About this exercise: Retype all of the listing exactly, passing over any picture you find.

___ Dataset extract ___

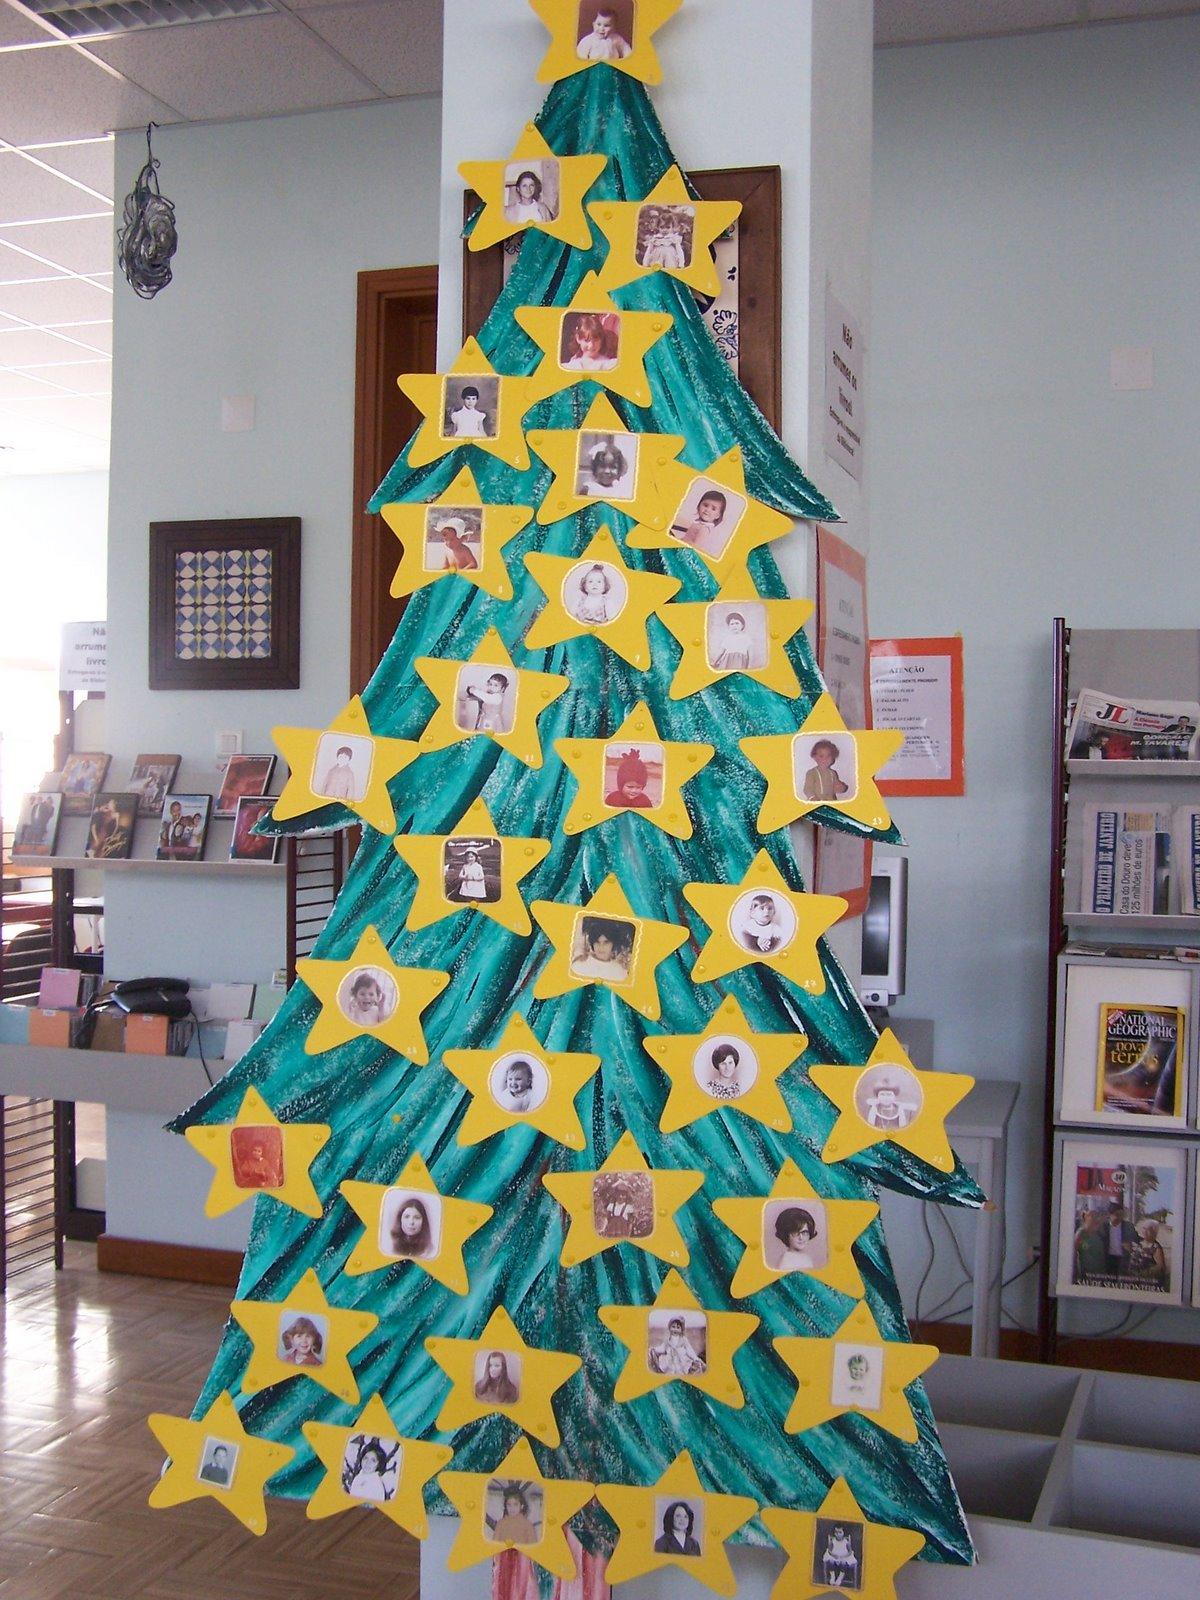 Professora Juce Decoraç u00e3o de Natal para porta da sala de aula # Decoração De Natal Simples Escola
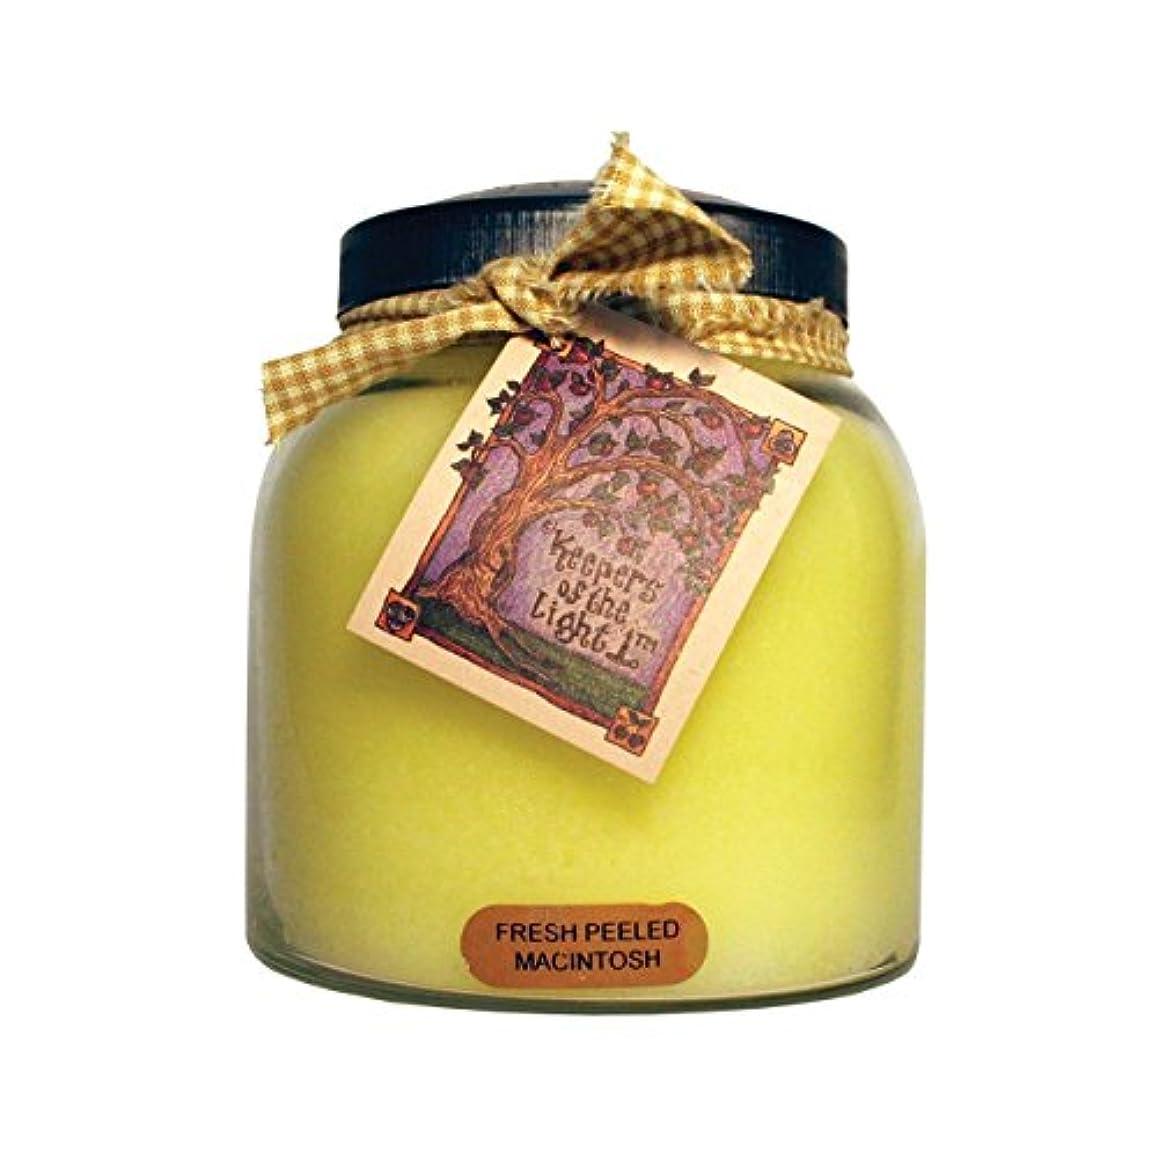 くそー主婦ロードブロッキングA Cheerful Giver Fresh Peeled Macintosh Papa Jar Candle, 34-Ounce [並行輸入品]
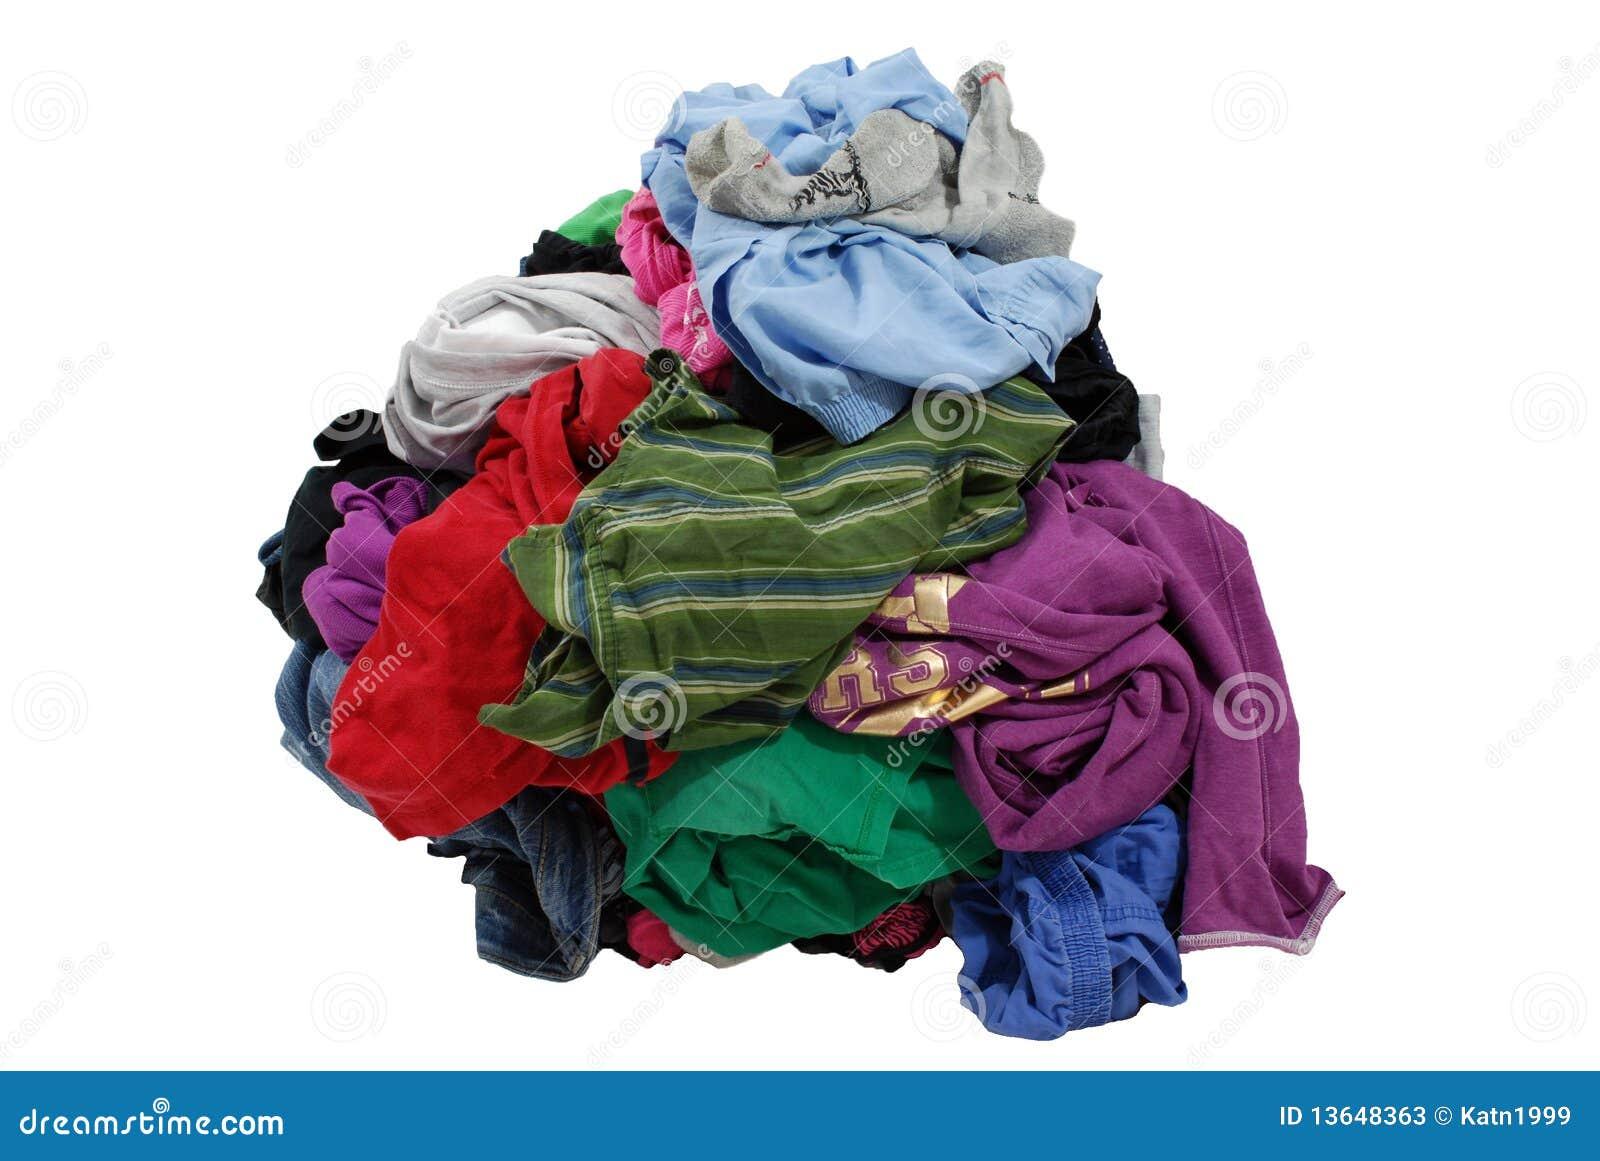 kelly-rowland-new-single-dirty-laundry-2 : THE WALL

___

Solution to this task:
 Professora Juce Decoraç u00e3o de Natal para porta da sala de aula # Decoração De Natal Simples Escola
 くそー主婦ロードブロッキングA Cheerful Giver Fresh Peeled Macintosh Papa Jar Candle, 34-Ounce [並行輸入品]
 kelly-rowland-new-single-dirty-laundry-2 : THE WALL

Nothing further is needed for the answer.